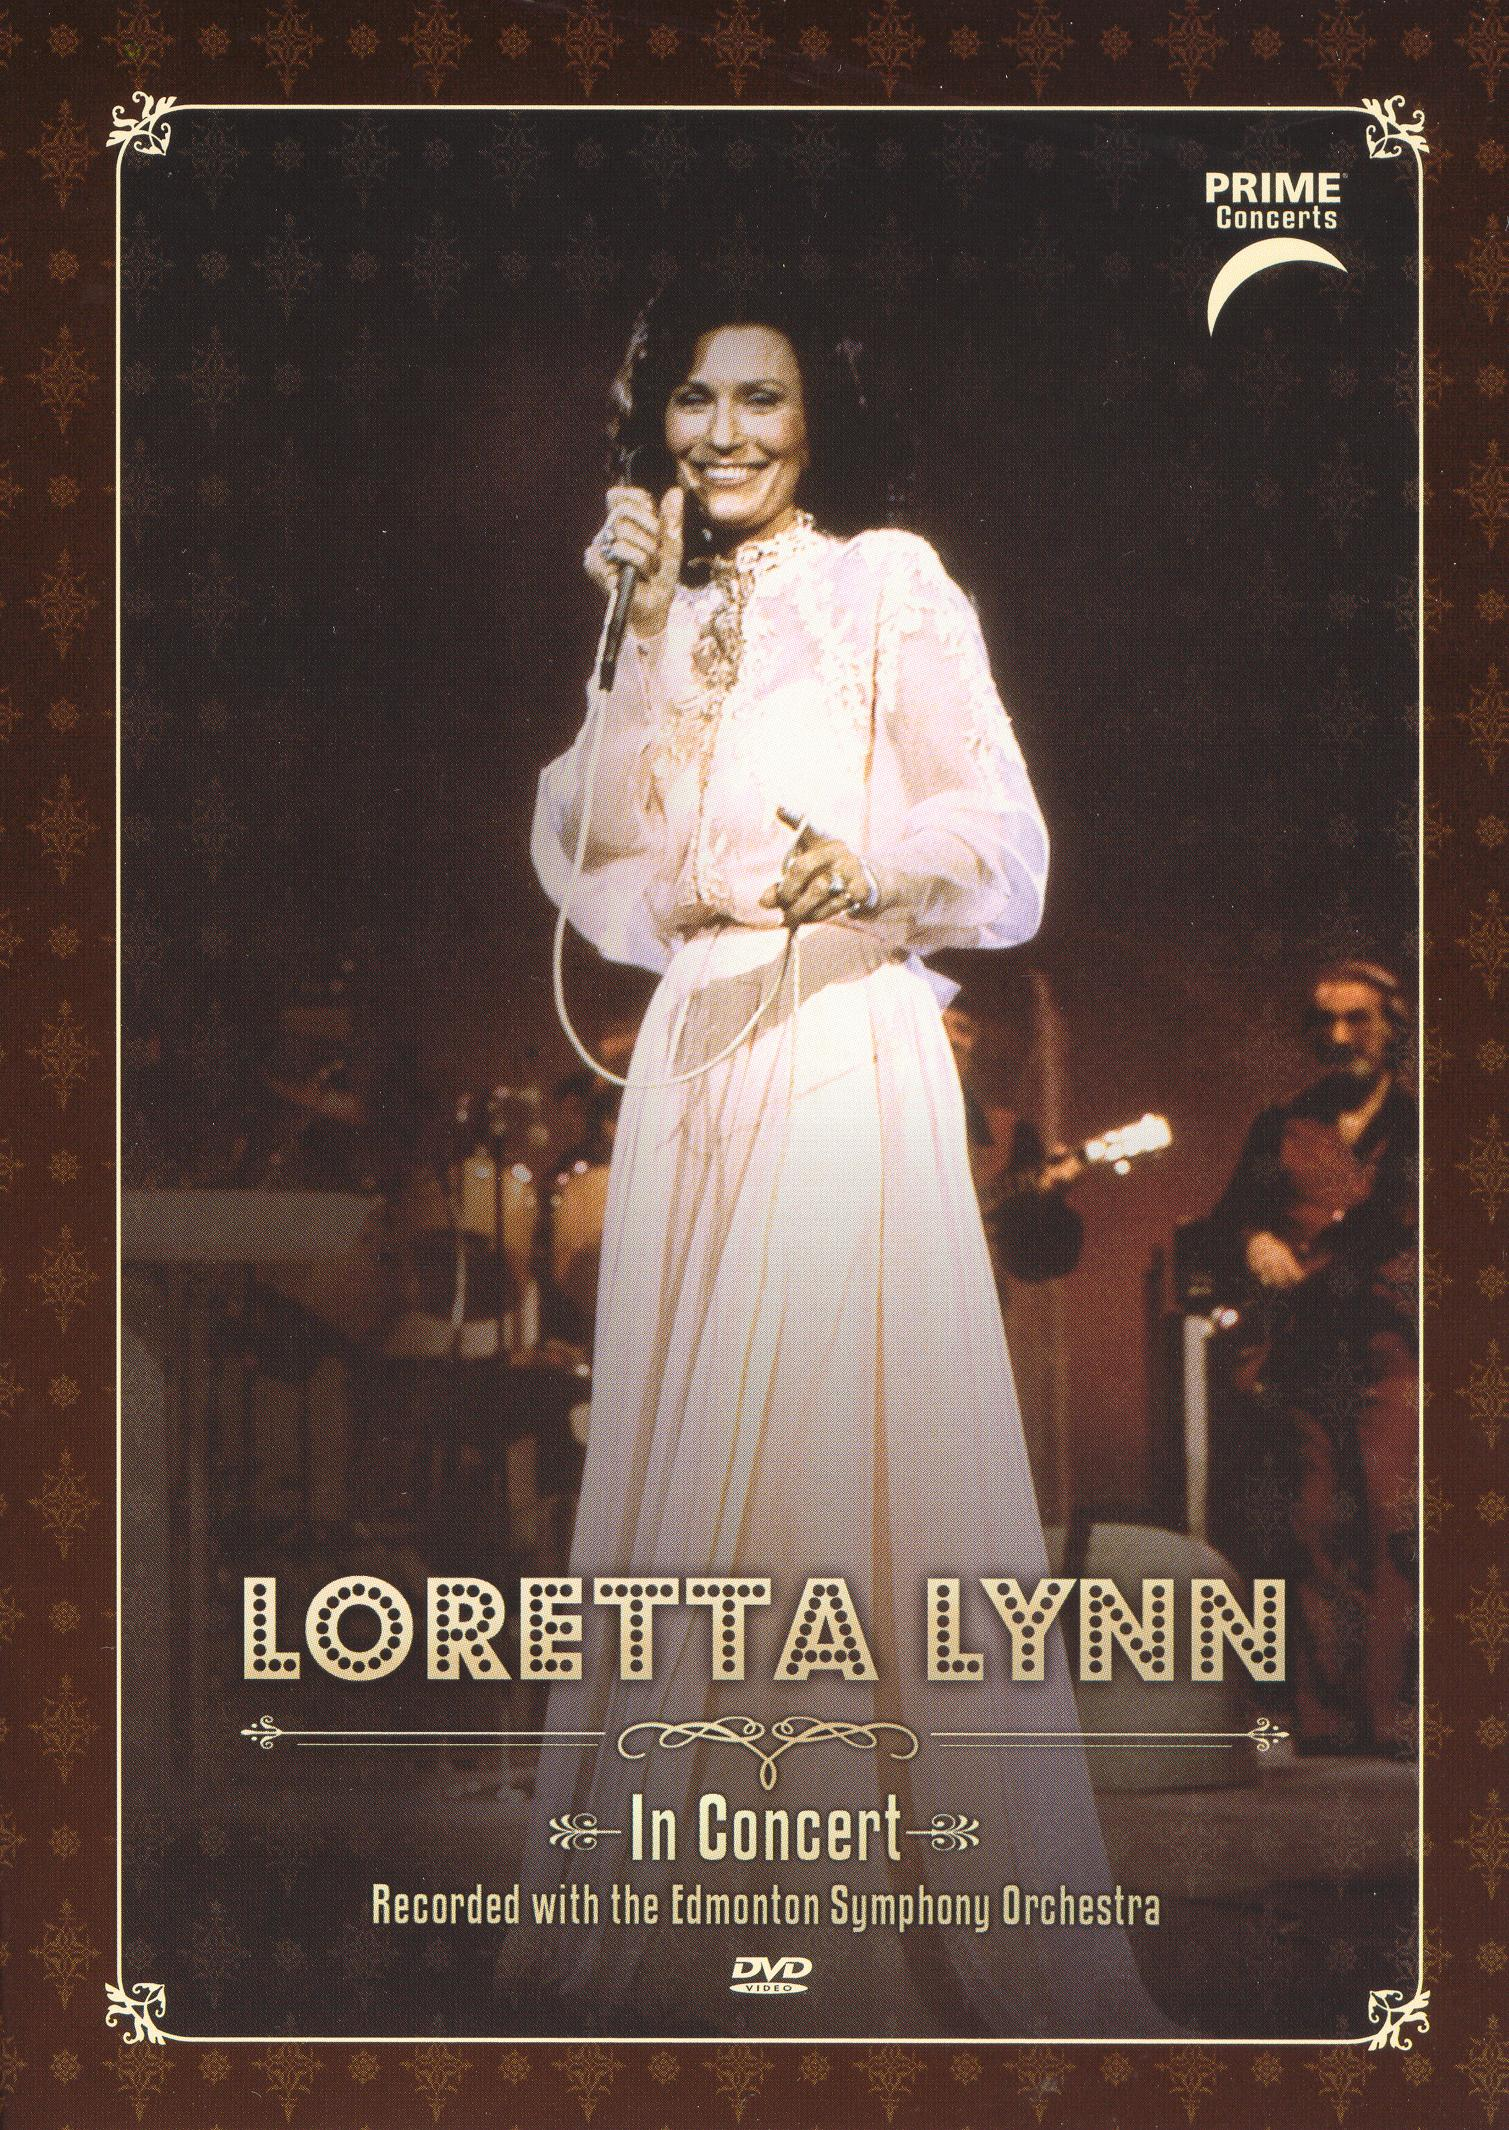 Loretta Lynn: Prime Concerts - In Concert with Edmonton Symphony
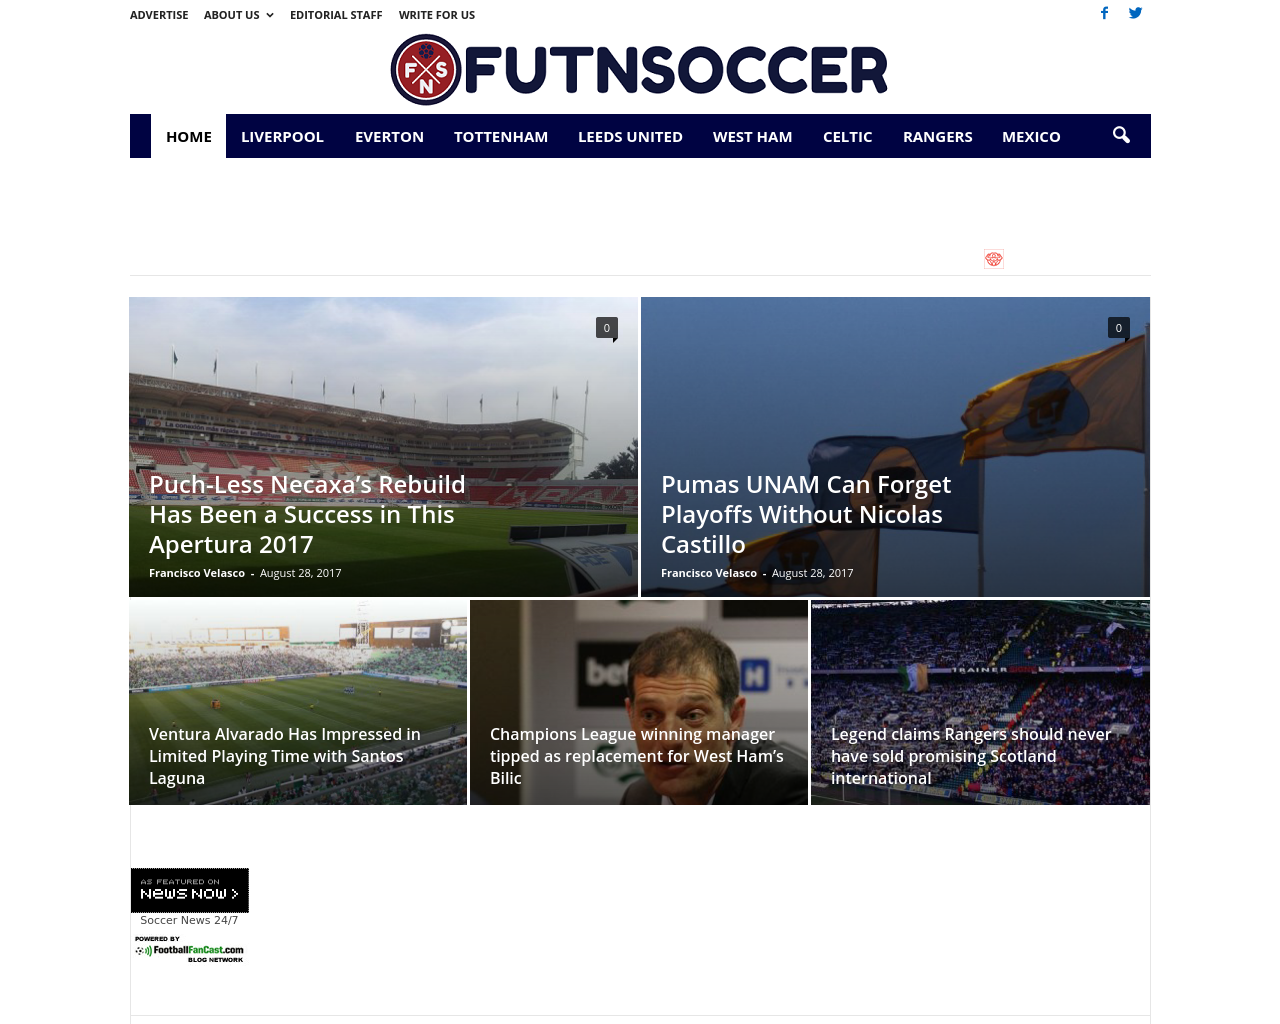 FutnSoccer-Advertising-Reviews-Pricing
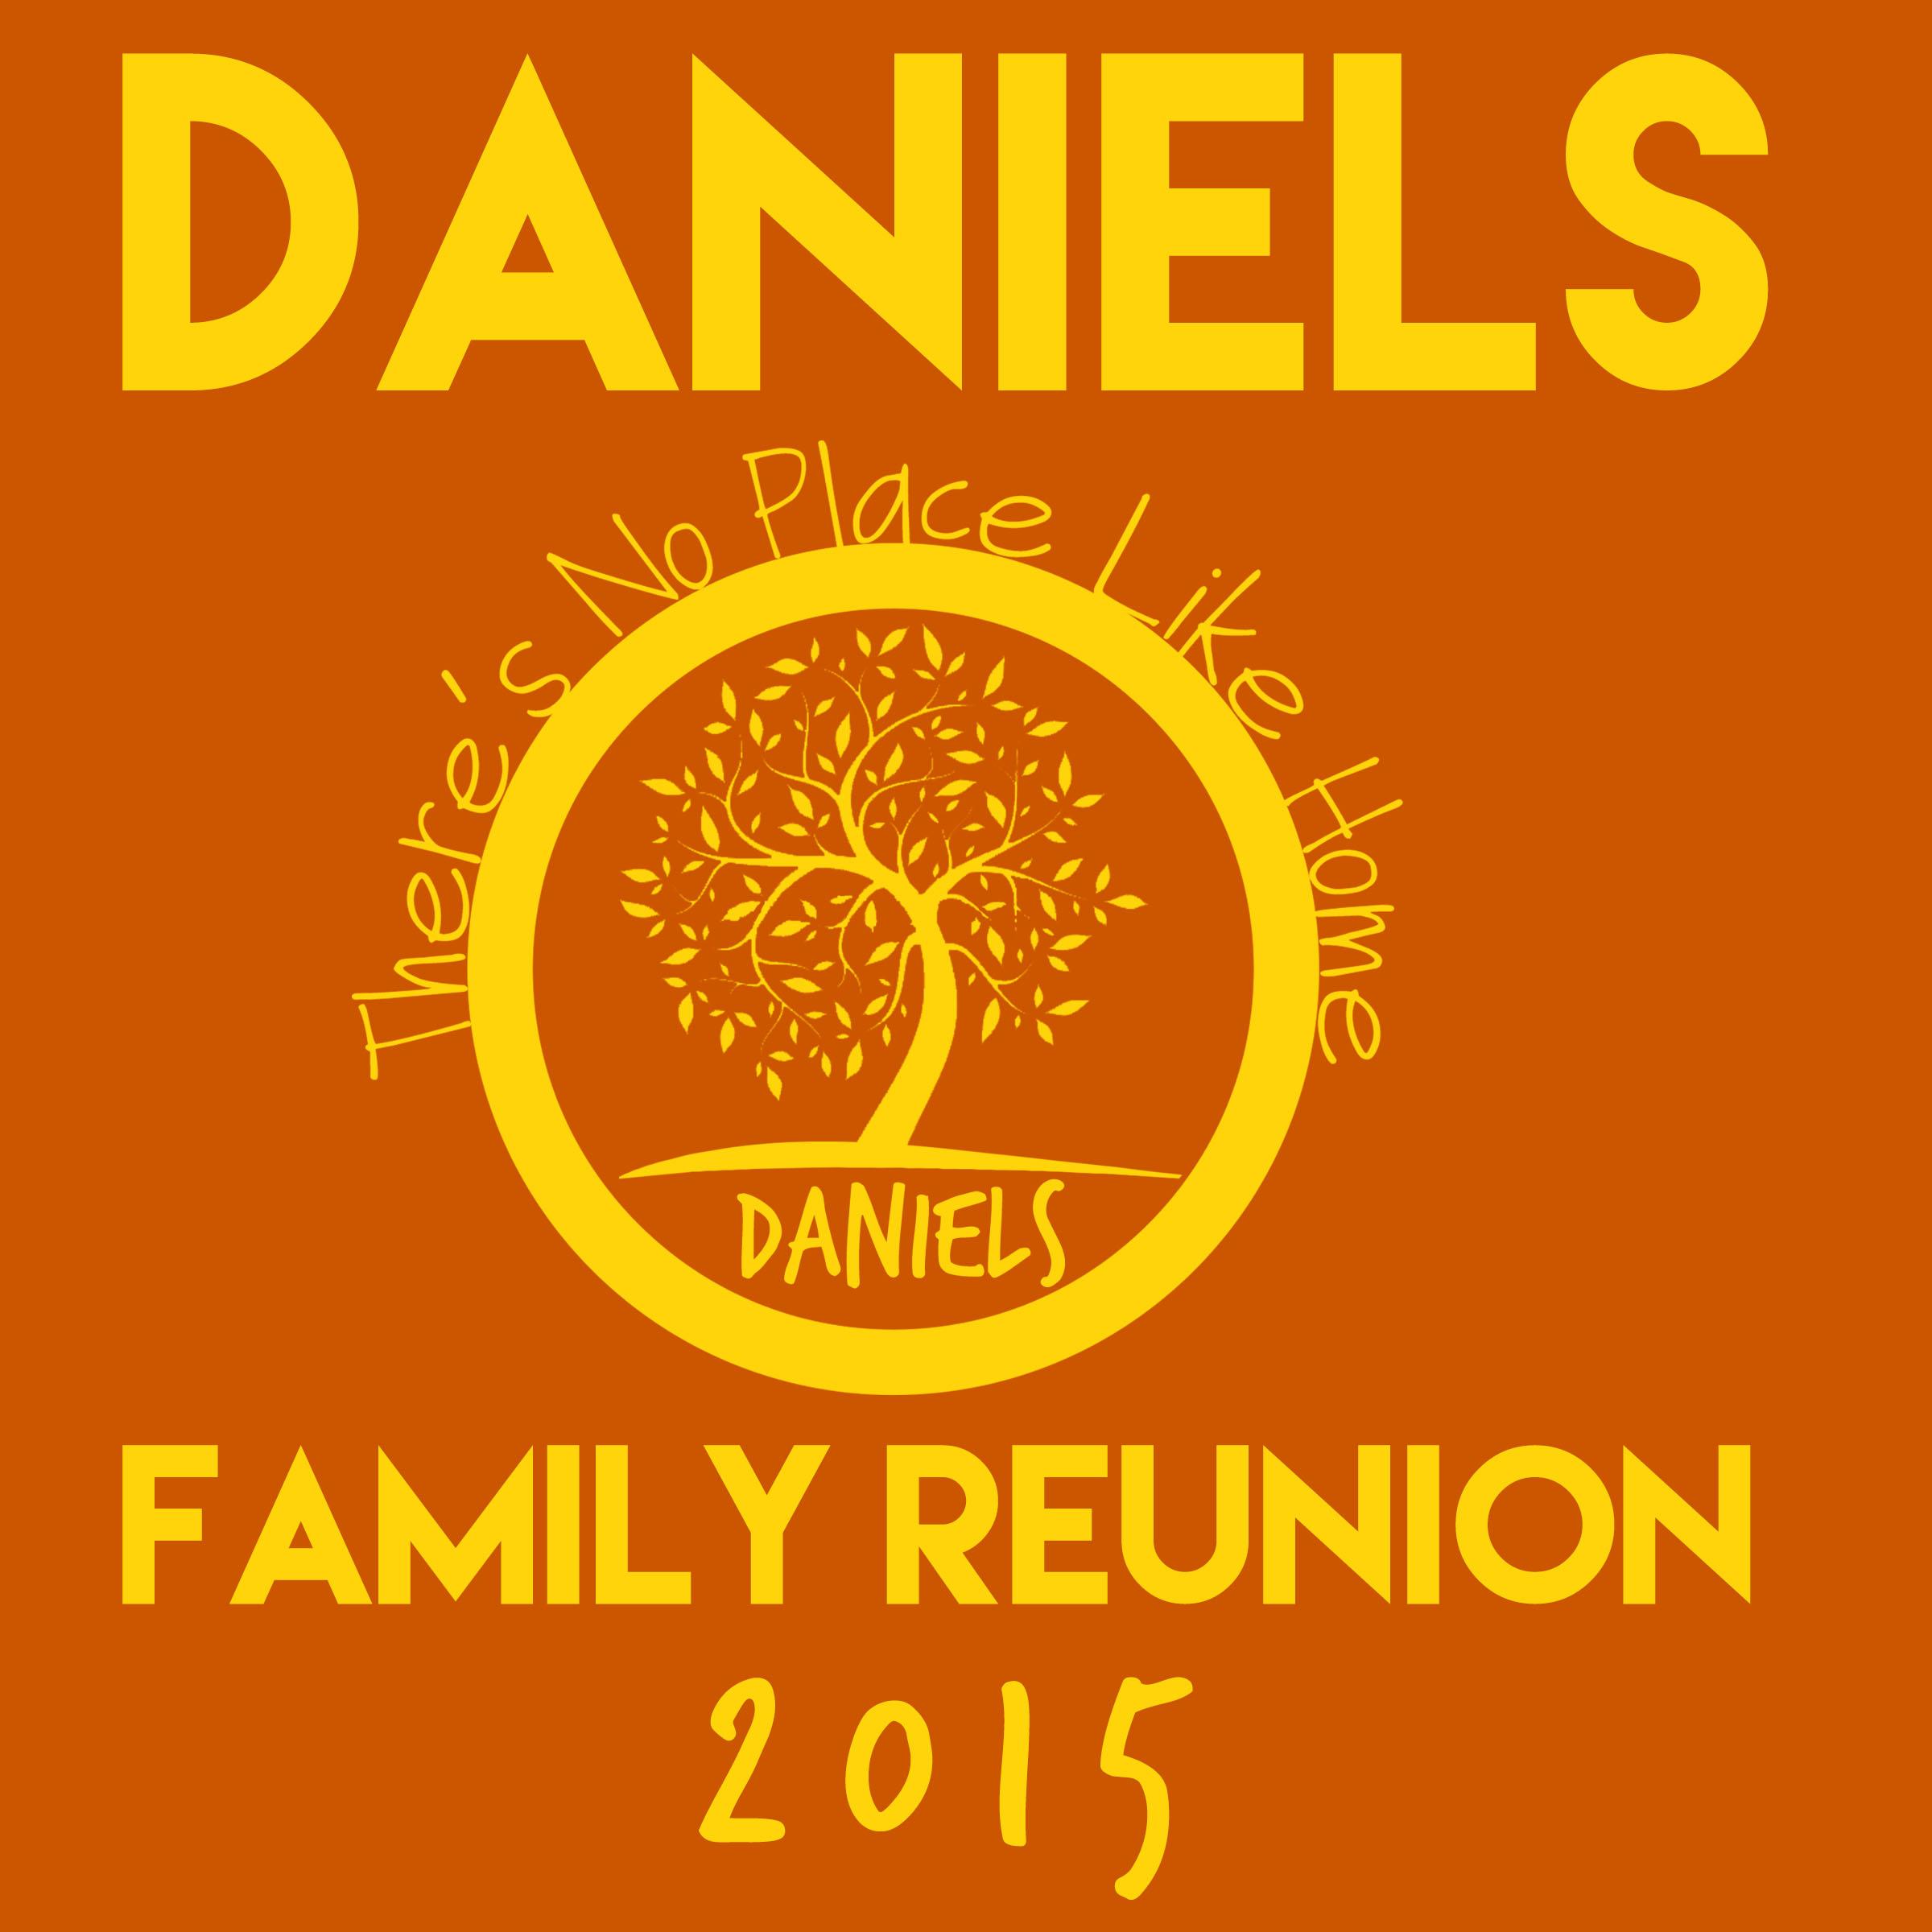 Daniels Family Reunion Logo2.jpg

**Task objective**
Output the data verbatim, images excluded.

**Written response**
 Loretta Lynn: Prime Concerts - In Concert with Edmonton Symphony
 FutnSoccer-Advertising-Reviews-Pricing
 Daniels Family Reunion Logo2.jpg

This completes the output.